We ordered via Uber Eats, where surprisingly there was on upcharge to cover what are no doubt some quite significant platform fees. My (new) wife (she was in the building allegedly studying) and I shared a chicken shawarma and a lamb shawarma. Both shawarmas are externally identical and thus I have not bored my already bored readers even further with a superfluous external shot.
The chicken shawarma ($10) was not the best, not the worst, it had good flavouring with the mix of garlic sauce and pickles, however felt a little bit dry and could have done with some more even more garlic sauce. The best Western Sydney shawarma I’ve had has been from Armani Restaurant and Armani’s remains the benchmark by which I compare my shawarmas. Perhaps Halabi apologists will argue that theirs are made in a different (Syrian) style, a different tradition and therefore are meant to be dry and not moist but I think that at least I think that subjectively at least it would have been better with a bit of extra sauce. I would rate Al-Halabi over Albeik however, which suffers from the same problem.

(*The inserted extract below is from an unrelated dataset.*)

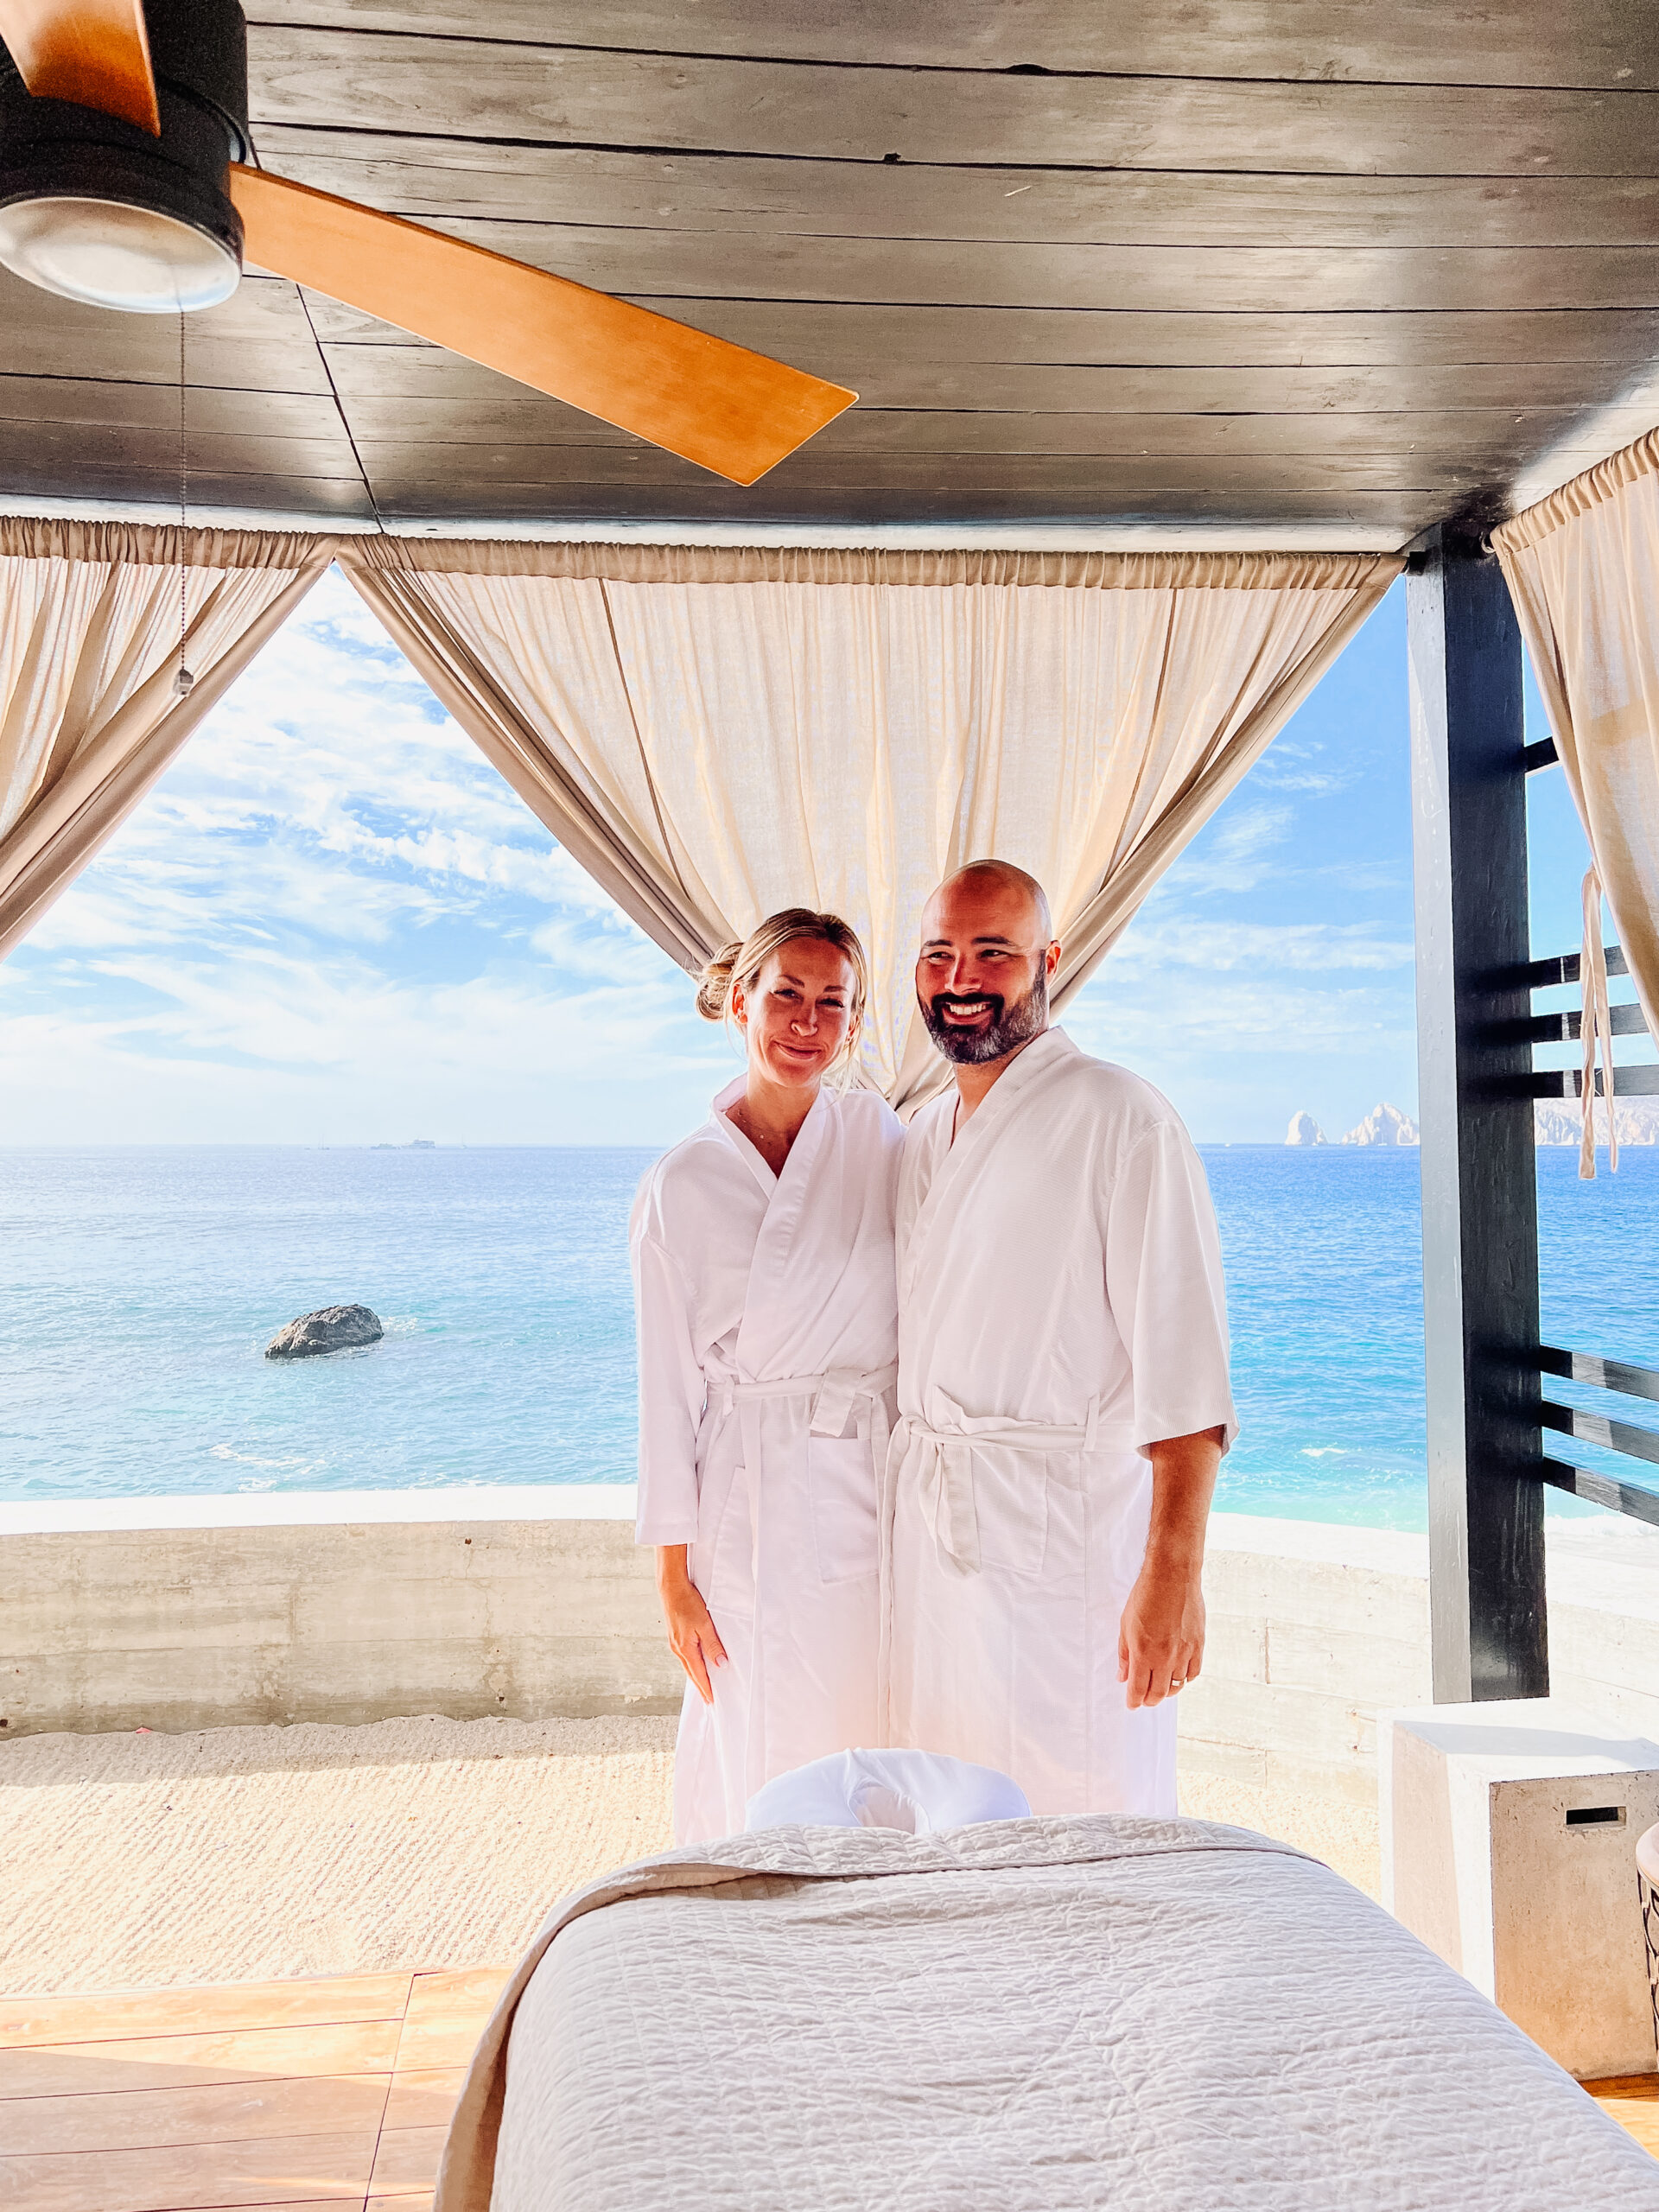 couples massage with a stunning view in Cabo San Lucas, Mexico #couplesmassage #couplestime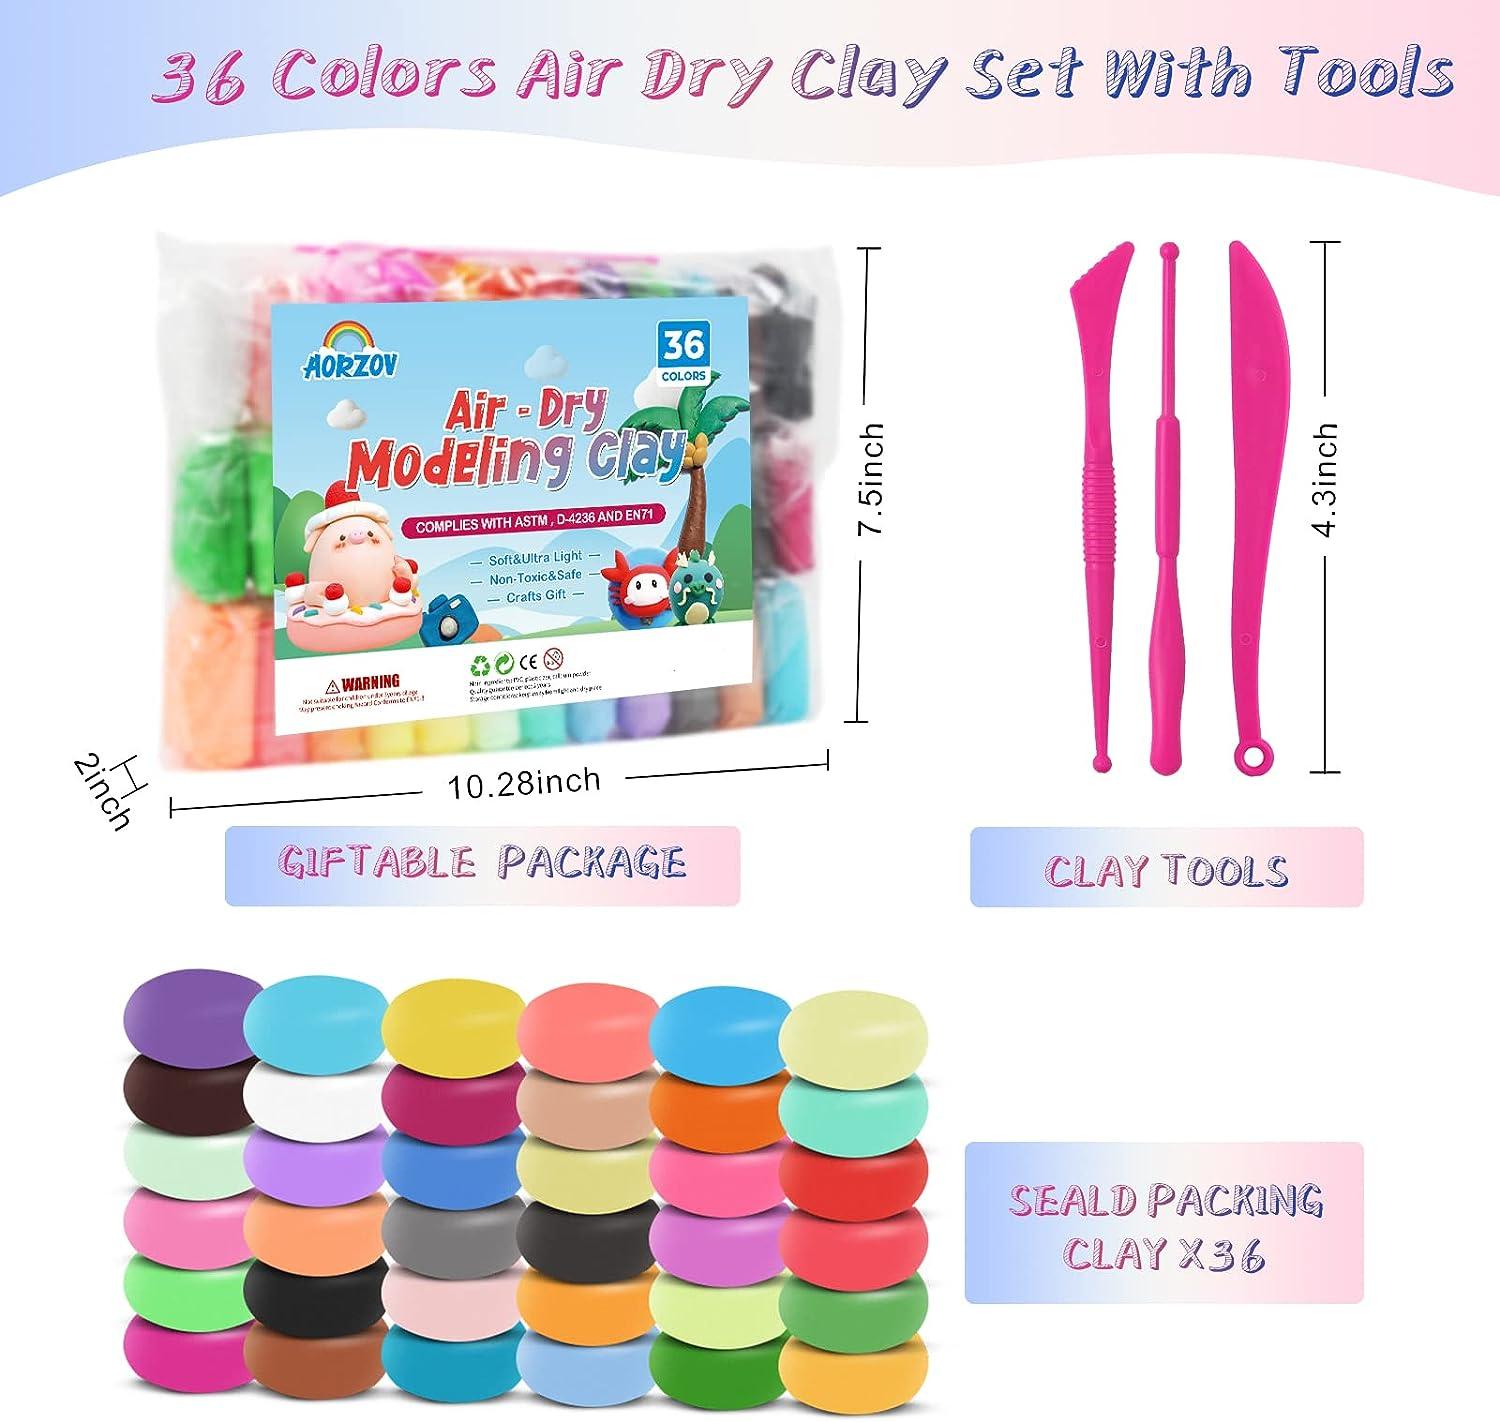  Drawdart Air Dry Clay- 36 Colors Modeling Clay Kit with 3  Sculpting Tools, Safe & Non-Toxic, Magic Foam Clay for Kids and Adults, DIY  Molding Clay Gift for Boys and Girls

The lamb shawarma ($12) was in comparison quite significantly better. The addition of more greenery and sauce with parsley, onion, tomatoes, pickles and tahini meant that it was just overall more moist than the chicken one. Each bite of it added a medley of flavours into the mouth and was much easier to swallow.
I would recommend the lamb rather than the chicken and if you have the opportunity to have two I would recommend two of the lamb rather than one of the lamb and one of the chicken. These are my thoughts, don’t @ me.